- Task instructions: Your response should be an exact transcription of the data, images excluded.
Given data START
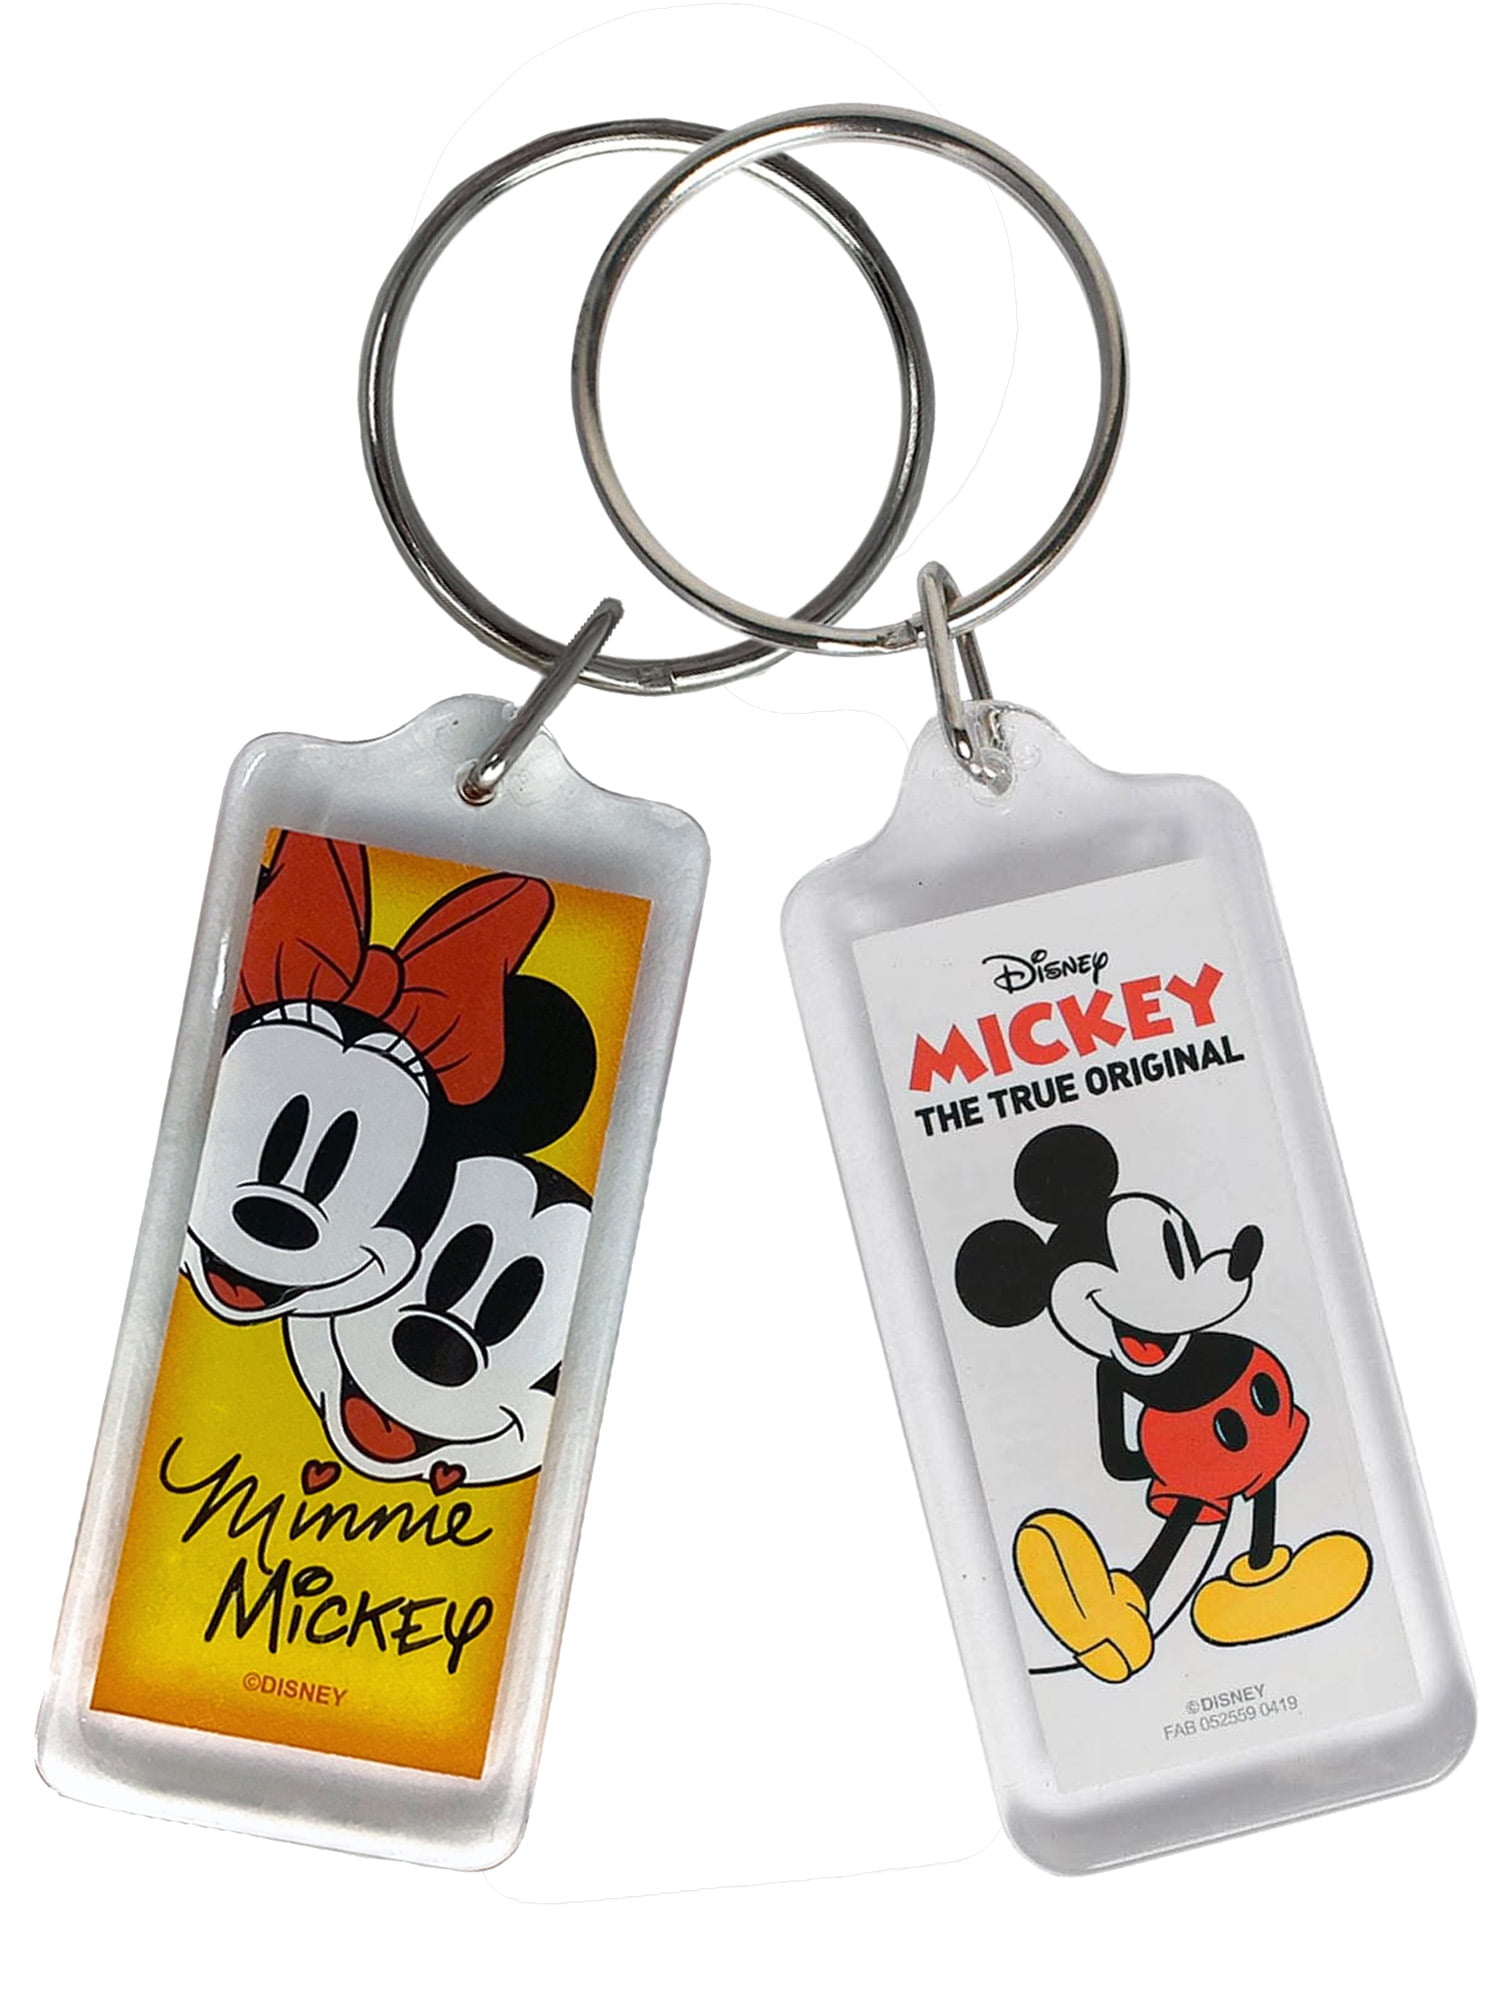 Homemade keychain with a mickey key approved
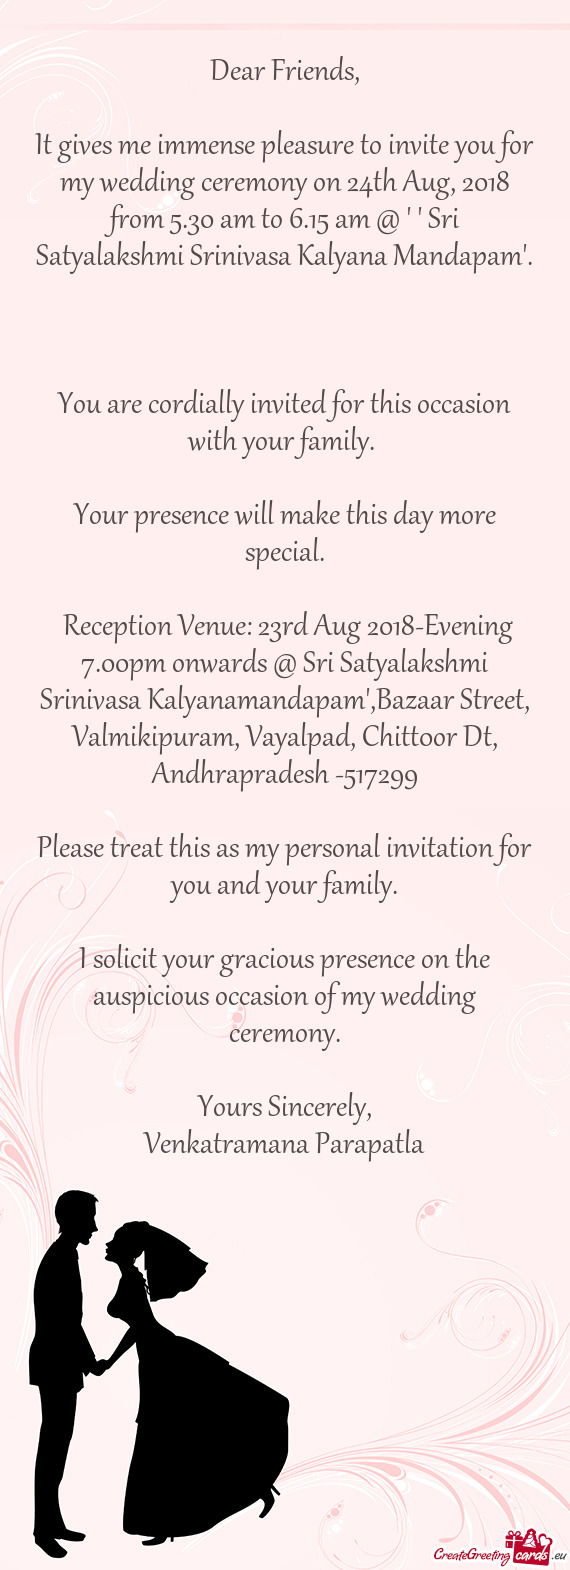 It gives me immense pleasure to invite you for my wedding ceremony on 24th Aug, 2018 from 5.30 am to
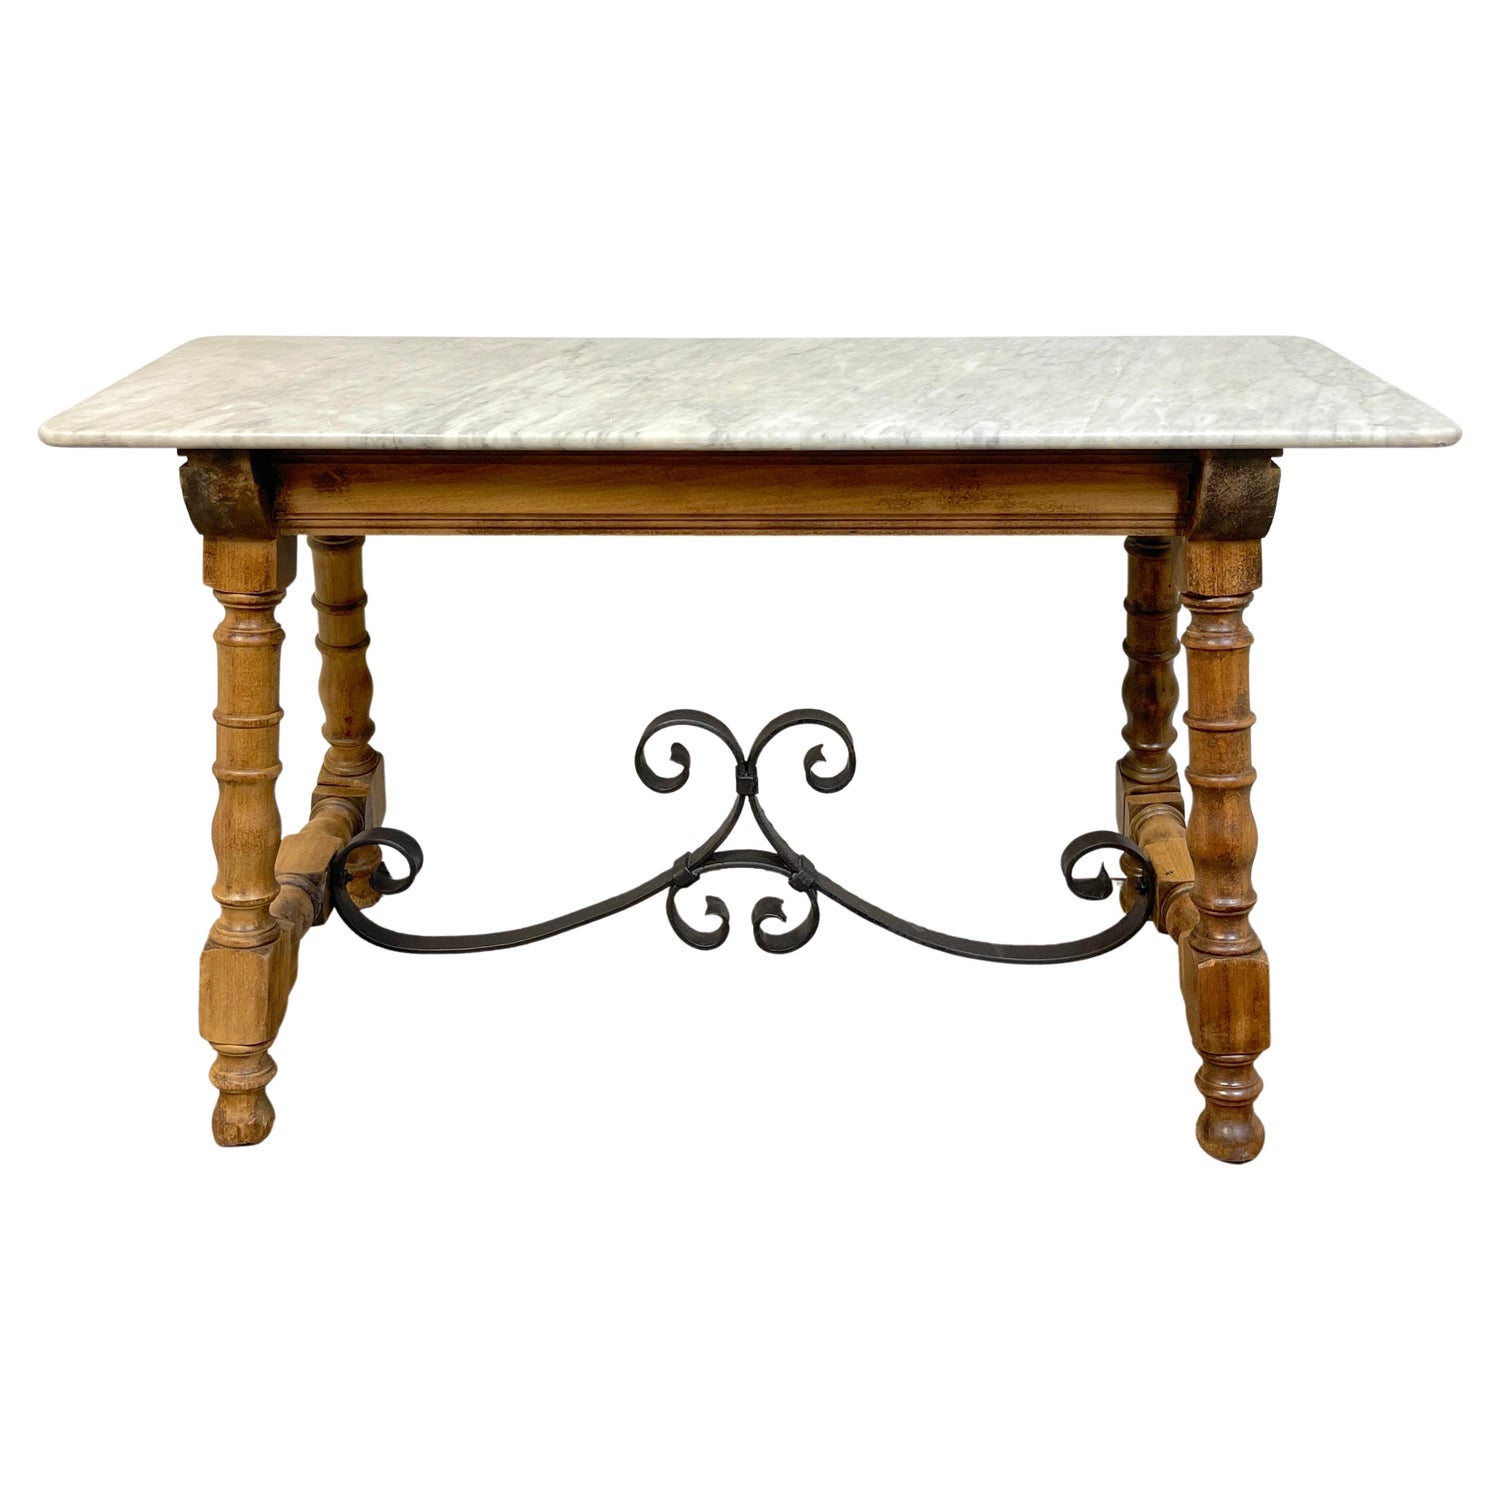 https://a.1stdibscdn.com/19th-century-country-french-marble-top-bleached-pine-iron-patisserie-console-for-sale/f_25923/f_298654321659660801857/f_29865432_1659660803160_bg_processed.jpg?width=1500
Given data END
- Output for this task:
 Homemade keychain with a mickey key approved
 It gives me immense pleasure to invite you for my wedding ceremony on 24th Aug, 2018 from 5.30 am to
 https://a.1stdibscdn.com/19th-century-country-french-marble-top-bleached-pine-iron-patisserie-console-for-sale/f_25923/f_298654321659660801857/f_29865432_1659660803160_bg_processed.jpg?width=1500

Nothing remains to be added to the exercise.